Banged-Up Rangers Suffer Injury Blow to Shattenkirk

Kevin Shattenkirk has made no secret of the pressure he’s placed on his own shoulders, being a New Rochelle kid living out his dream of playing for the Rangers.

On Friday, Shattenkirk admitted that his unwillingness to “disappoint” people – family, friends, fans, teammates and himself included – in his first season in New York, played a part in his trying to play through a torn meniscus in his left knee, which he’s had since September.

[Press Release: Kevin Shattenkirk Injury Update]

On Monday, Shattenkirk will have surgery to repair that knee, and he will be out indefinitely, though the defenseman believes he will be back for the season’s stretch run.

“It’s tough,” Shattenkirk said, his face telling just how tough.

“Thinking about this year, you want everything to go perfectly, and I think I’ve been trying to battle through this for a lot of reasons. When it came down to it, today, and we talked about it, you have to think about yourself. I’ve been worried about a lot more things, trying not to disappoint a lot of people – me included in that.

[Watch Rangers-Avalanche Saturday on MSG & MSG Go. Download Free]

“It’s hard to be leaving a team. It’s never easy to be sidelined. You don’t get to hang out with the guys as much and feel that camaraderie. But I also feel like, what I was putting out on the ice … I wasn’t giving the guys on my team the best that I had. That almost makes you feel worse. You don’t want to be disappointed as a teammate. I think that this is the first step to get back to where I am and come back and have a meaningful impact down the stretch.”

Shattenkirk’s strengths are his skating and his ability to move the puck and make plays. The knee injury has certainly contributed to a stat line that says zero goals in 30 games (since Nov. 6) and one assist in his last 13.

“It’s been painful and it’s something that I’ve been able to, with the training staff here – they’ve done a tremendous job of helping me manage the pain,” he said.

Kevin Shattenkirk discloses his meniscus tear, what his plan is for the remainder of the season and why he chose to have the surgery now.
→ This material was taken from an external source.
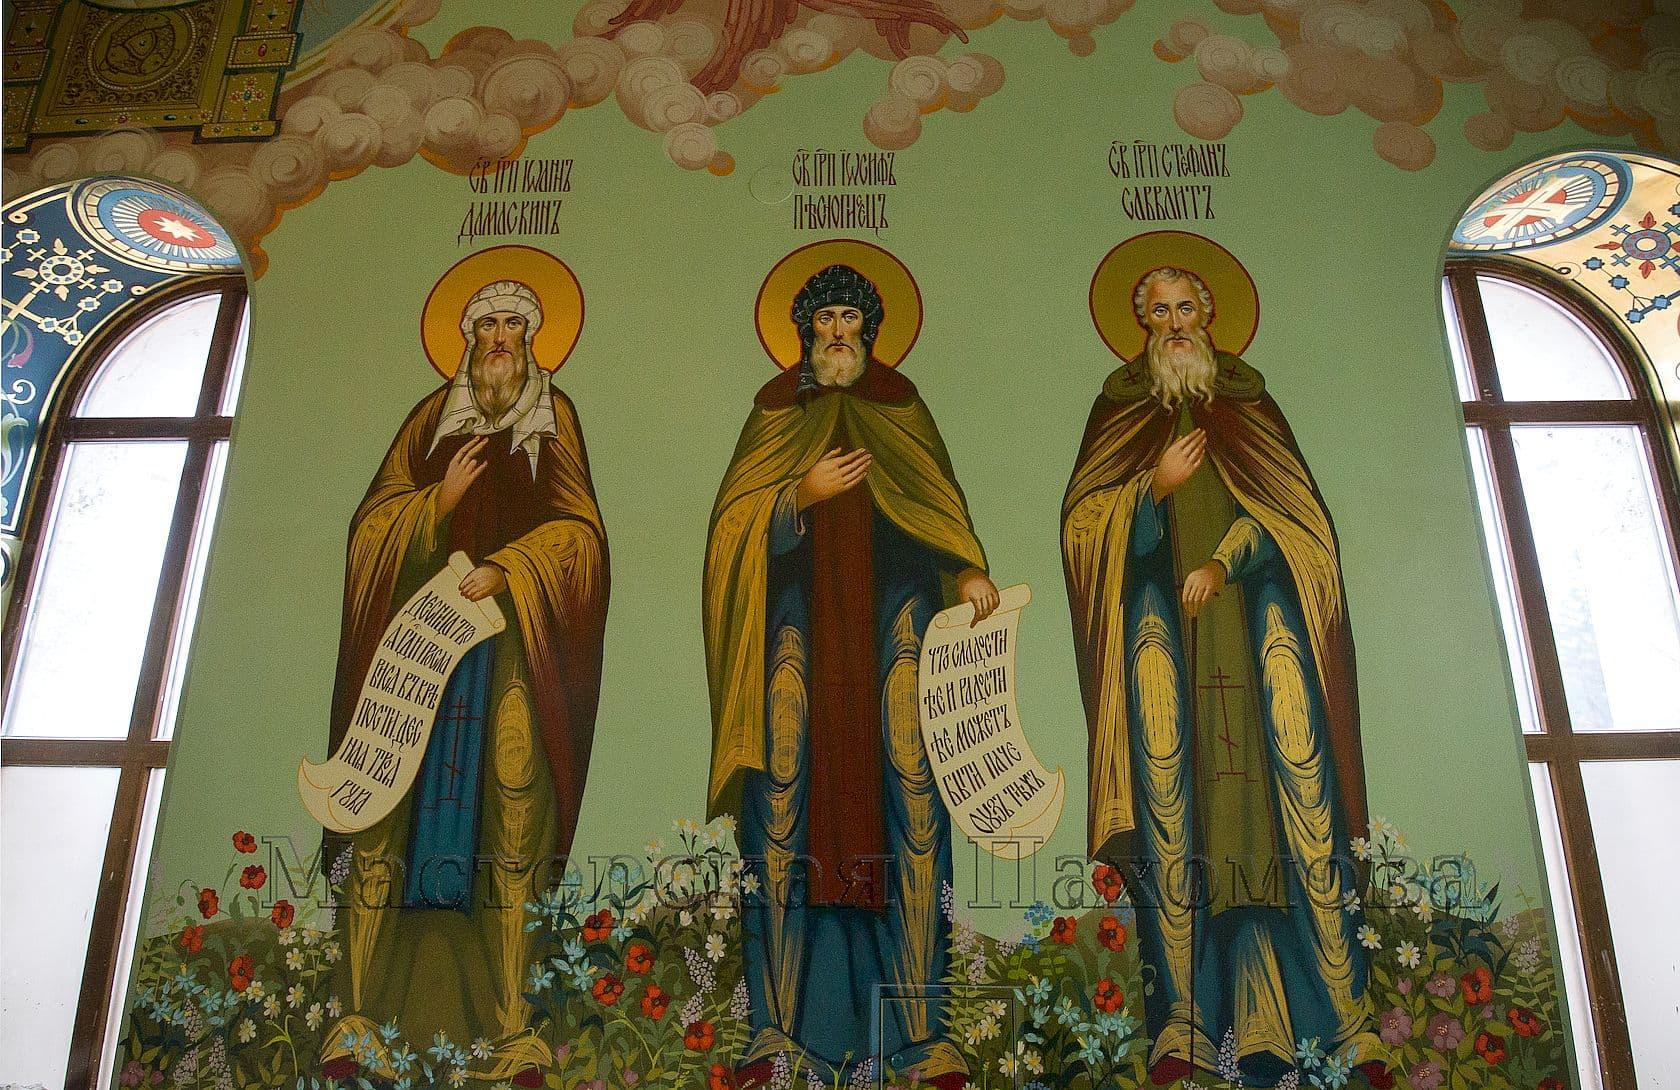 Западная часть храма. Изображение святых на стенах Храма

“What has really been the x-factor is that it limits me off the ice as far as training and keeping my body in the shape that I normally can. And I feel that because of it, my left leg is starting to get a lot weaker and not allowing me to play my game and have the escape-ability and the explosiveness in my skating that I think anyone will tell you is a big part of my game. I feel like, recently, it’s been something that’s really been glaring. It’s kind of the point where we needed to decide whether or not to do this, and I think it’s the right thing to do in the long run.”

The injuries continue to pile up for the Rangers as they head out for a four-game Western trip starting against red-hot Colorado Saturday afternoon.

Chris Kreider (blood clot, ribcage surgery) remains out long-term. Kevin Hayes (leg) and Marc Staal (hip) will skate in Denver Saturday and Sunday, but are 50-50 at best for Sunday’s game in Los Angeles, coach Alain Vigneault said.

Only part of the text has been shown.